Getting INTERNAL_ERROR_RBF_VALIDATION_FAILED error when running workflows or jobs on Databricks Runtime 16.0

Disable Range Bloom Filters (RBF) validation.

Written by potnuru.siva

Last published at: January 28th, 2025

Problem

When you run workflows or jobs with Databricks Runtime 16.0, you encounter an error. 

 

pyspark.errors.exceptions.captured.SparkRuntimeException: [INTERNAL_ERROR_RBF_VALIDATION_FAILED] An internal error occurred. Please contact Databricks support.
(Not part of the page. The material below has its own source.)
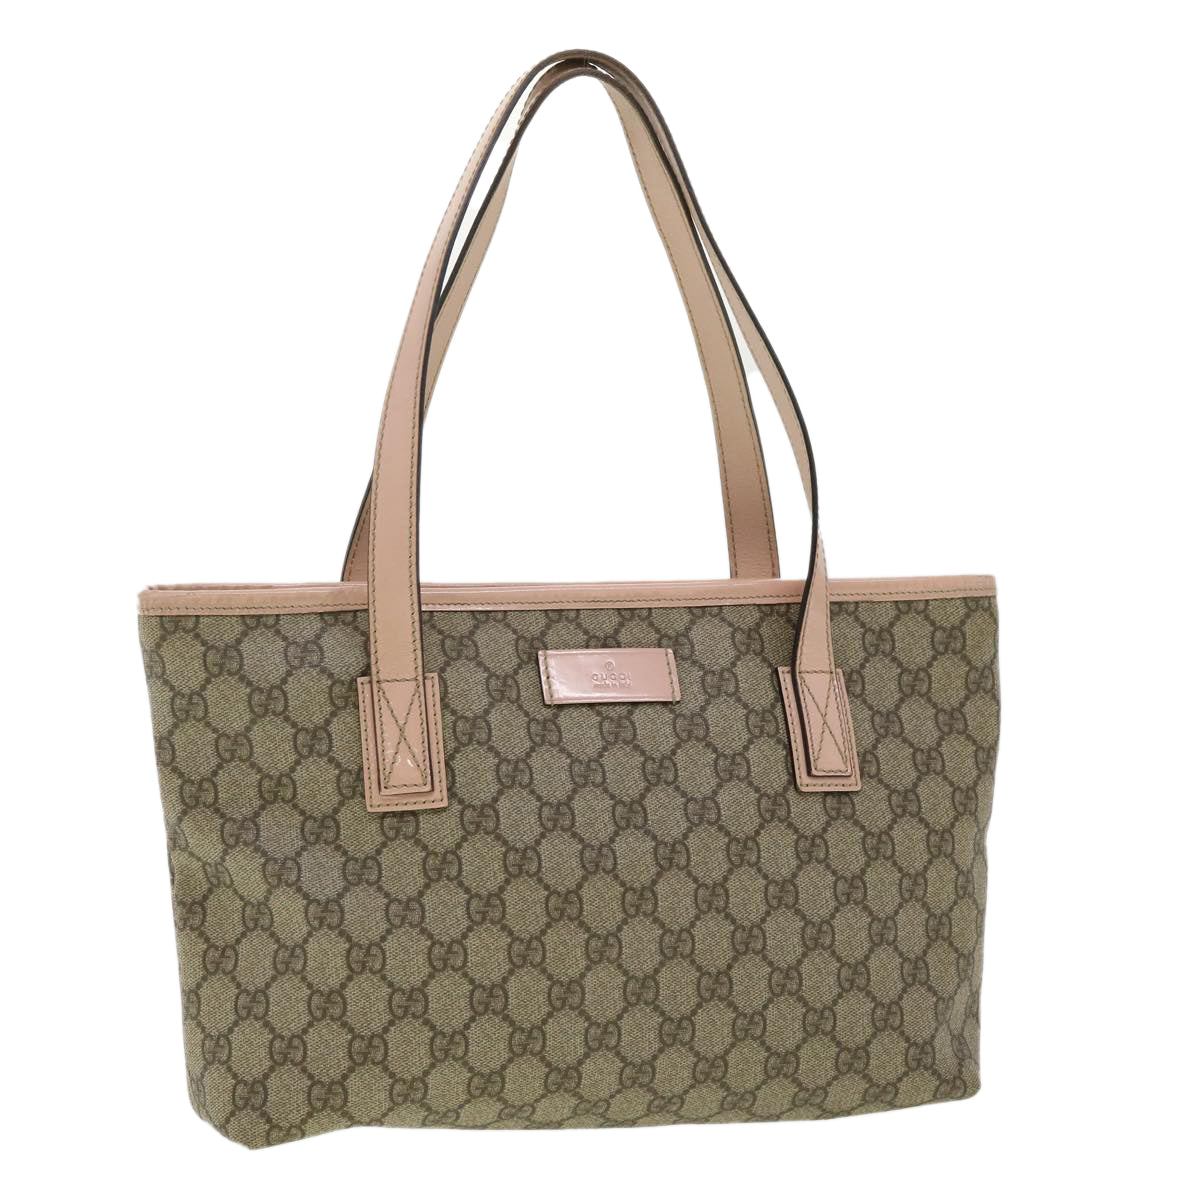 GUCCI GG Canvas Tote Bag PVC Leather Beige Auth ro554

A runtime filter (ID 0) for a join (ID 1) returned `NULL`. SQLSTATE: XX000

 

 

Cause

Range Bloom Filters (RBF) validation has been introduced in Databricks Runtime 16.0. This feature is enabled by default. 

 

The error occurs when a runtime filter for a join returns a NULL value, which RBF validation doesn’t expect. 

 

Solution

Disable the RBF validation feature. 

  1. Navigate to your cluster. 
  2. Click Advanced Options
  3. Navigate to the Spark tab. 
  4. Add the following Apache Spark configuration in the text box. 

 

spark.databricks.optimizer.rangeBloomFilterValidation.enabled false

 

  1. Re-run the job to confirm that the error no longer occurs.

 

Preventative measures

  • Carefully review the merge conditions and ensure that they are correctly specified. 
  • Test your jobs on newer versions of Databricks Runtime in lower environments before deploying them to production.